Agarradas às raízes do mangue nascem e se criam milhões de ostras, de grande consumo pela população e pelos turistas, e cuja casca é usada para fazer cal. Junto a elas prosperam outros moluscos de conchas, como o sernambi, a lambreta e o principal deles, o sururu.
Desde sempre o povo da região tem atividade regular de coleta desses animais, e seu uso é um elemento da vida da comunidade. Catados em grupos, normalmente de mulheres, esses frutos do mar são repartidos pela vizinhança, ou oferecidos aos amigos ou visitas próximas que vêm à casa de quem os têm. Na atualidade, alguns animais tem maior valor de mercado, como o siri mole. Quem fala do assunto é Almir, pescador da Ilha do Paty, pequena comunidade de uns 500 habitantes em São Francisco do Sul:

Siri mole de quantidade a gente apanhava aqui de noite, naquele tempo não tinha lanterna elétrica, a gente fazia uma tocha com diesel ou palha para focar os siris. Tirava vinte, trinta partes de palha e saía pela areia ou mangue. A gente tinha uma panela, nela a gente pegava assim uns sete ou oito quilos. Cansava de trazer siri mole.1

1.2 Técnicas pesqueiras
Almir, como seus pais e sua família, nasceu numa das casinhas coloridas da Ilha do Paty, onde todo mundo pesca. Como relata em seu depoimento:

Sempre pesquei, a gente pega uma perna de rio e sai por aí pescando, com redes de tainheira também. Aqui dá muita tainha, mas aí fora dá também curimã. Agora, o que pesca mais além da tainha é o cabeçudo e o vermelho, na pesca de linha, onde também dá arraia. Antes pegava bem robalo, mas agora está muito explorado.

Outro pescador próximo, o mestre de rede Sr. Tiago, de São Francisco do Paraguaçu, recoloca a questão das técnicas de pesca:

O pescador, principalmente o que é dono da rede, ele conhece o local de pescar, sabe pescar, porque não é todo mundo que vai tomar conta de uma rede. Por exemplo, aqui tem um pegador, eu sei, o outro já não sabe, então aqui o dono procura pessoa que sabe trabalhar, pra não colocar a rede em perigo e nem lascar a rede.
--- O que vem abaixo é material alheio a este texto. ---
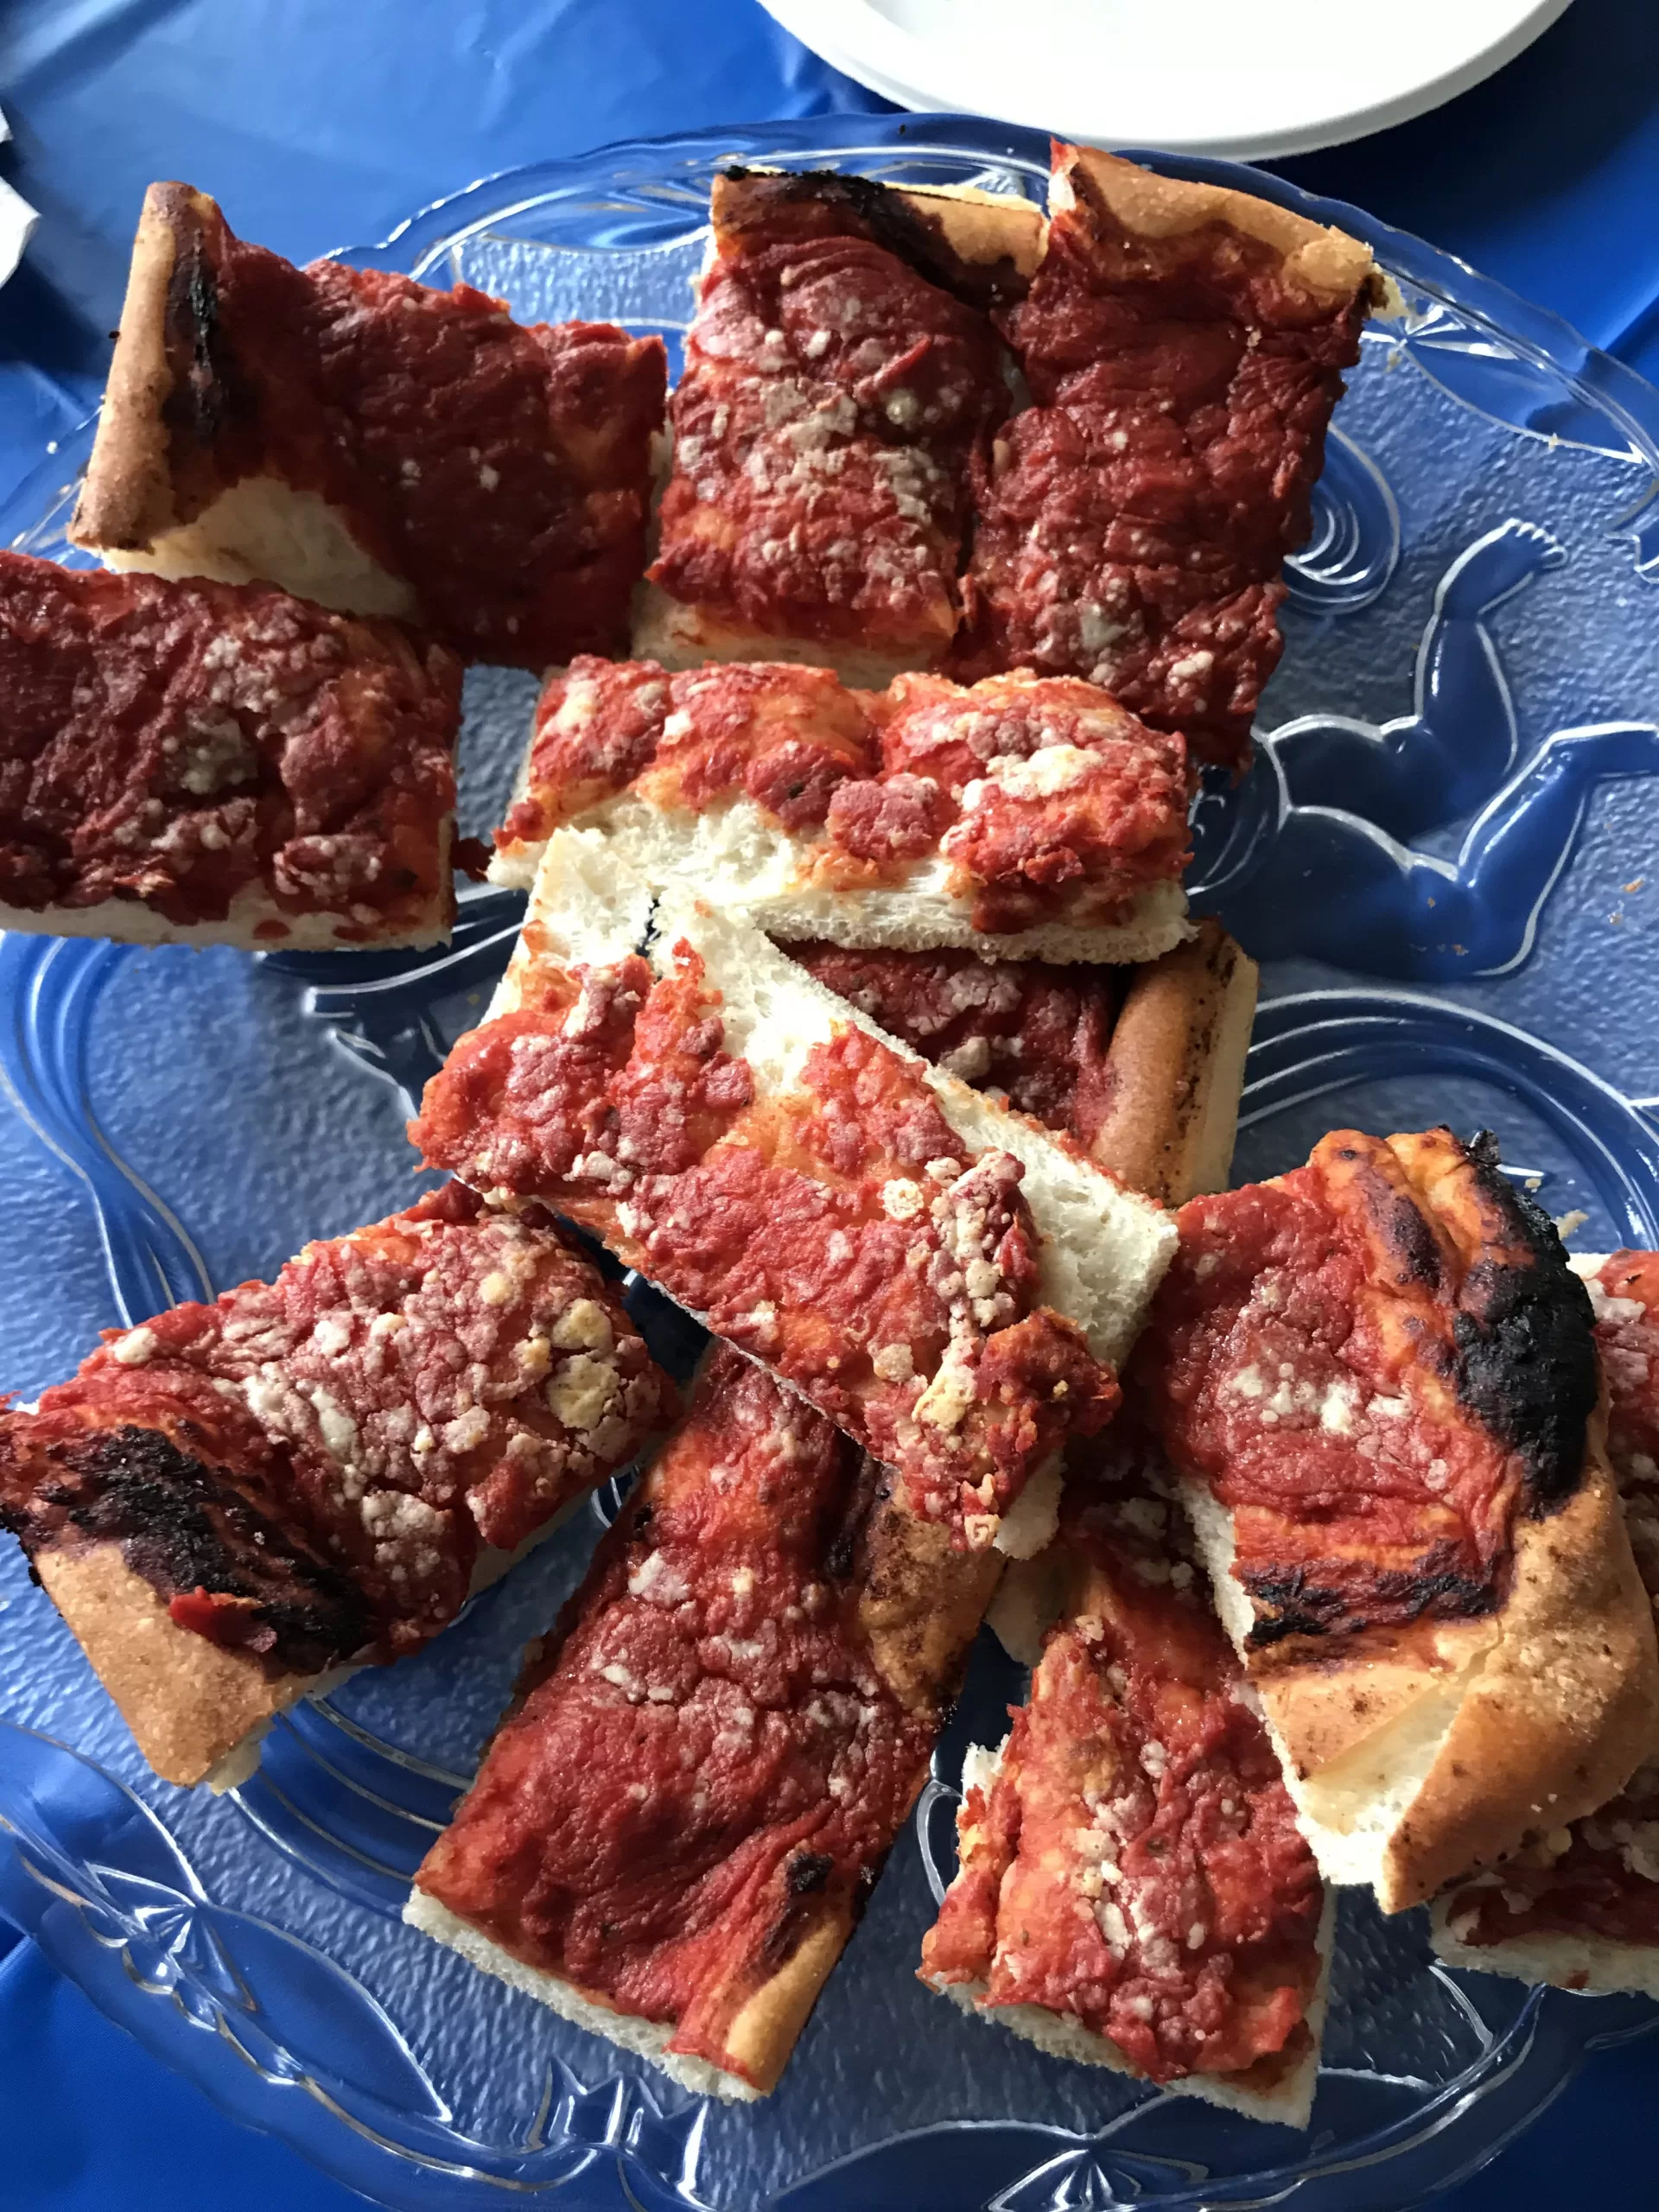 A table with a blue table cloth with a plate containing several pieces of Rhode Island-style bakery pizza.
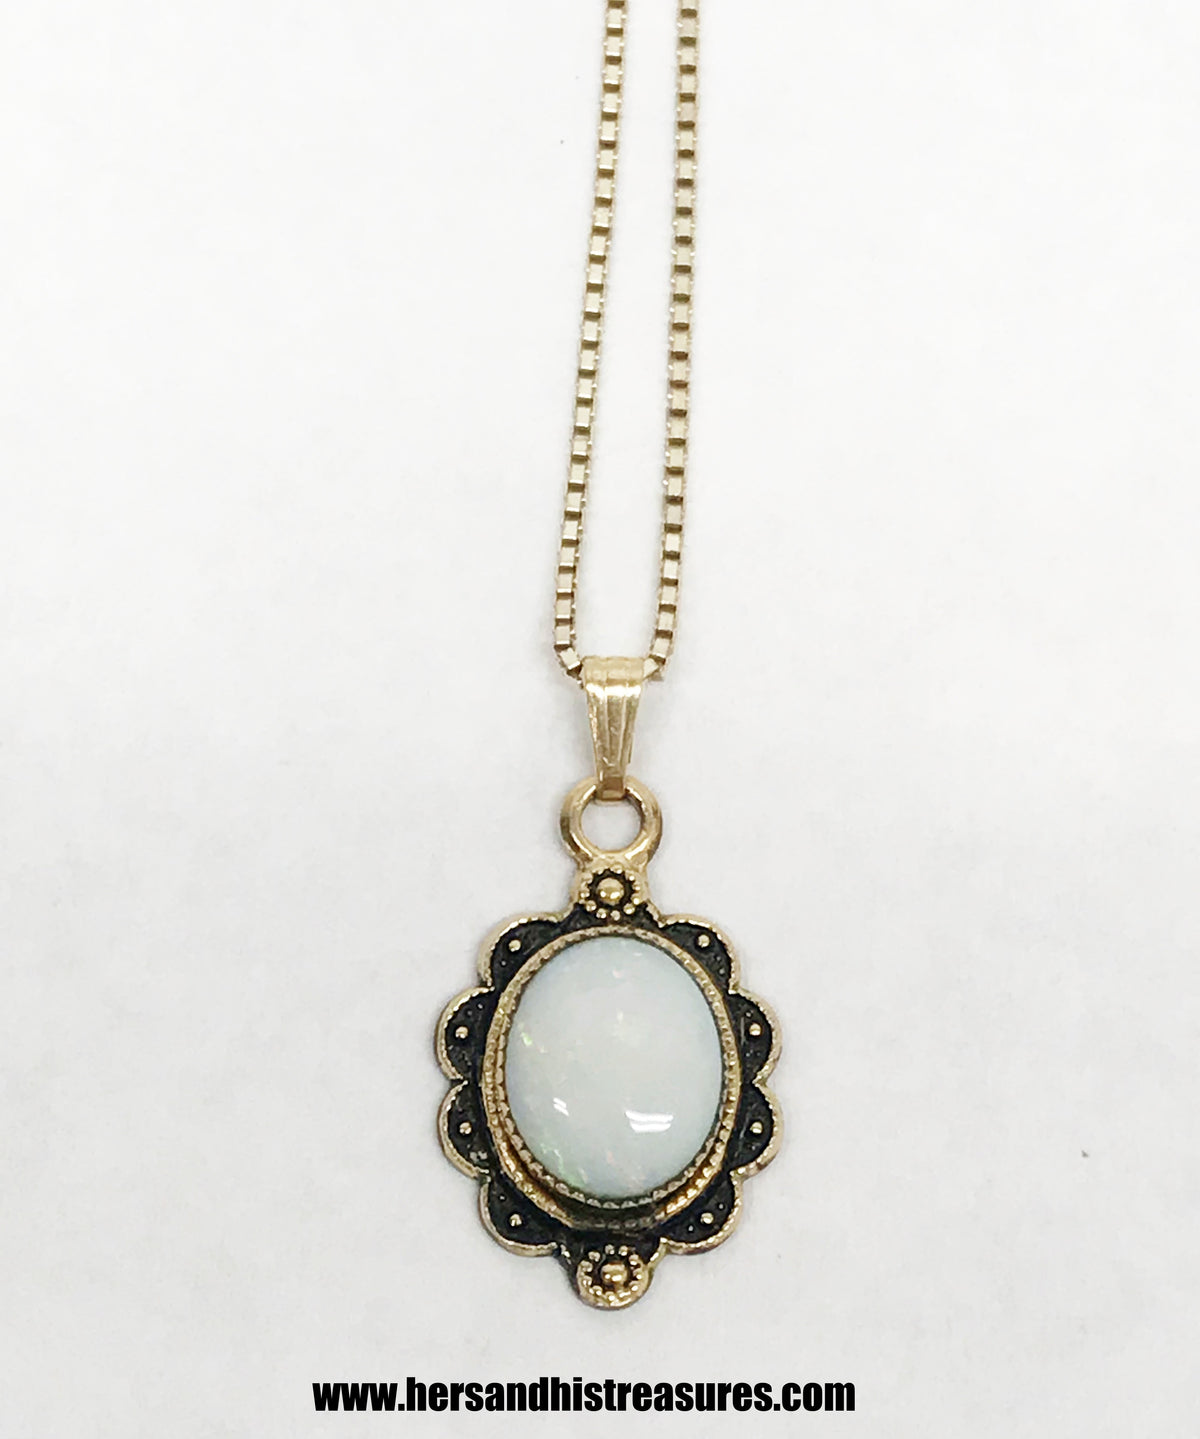 www.hersandhistreasures.com/products/gold-over-sterling-silver-opal-necklace-made-by-gimet-arezzo-italy

Na rotina desse trabalho, a pessoa que “sabe trabalhar” participa da divisão do produto da pesca, nessa organização comunitária tão característica da pesca artesanal.  Técnicas diversas, grande variedade. Por exemplo, na vizinha comunidade de Maragogipe, o pescador Antonio Santos Oliveira explica:

Hoje eu pesco de rede, rede grande, redinha, camarãozeira. Mas quando eu estava novinho com doze, treze anos eu comecei com pesca de gruzeira. Gruzeira é um monte de anzol, cada braço e meio tem um anzol e joga pelo mar afora preso em duas pontas. Aqui uma ponta e lá do lado de lá outra ponta. Deixa solta e vai visitando de vez em quando. Passa uma hora, uma hora e meia nós vamos ver quando pega um peixe e vemos a arrancada do peixe.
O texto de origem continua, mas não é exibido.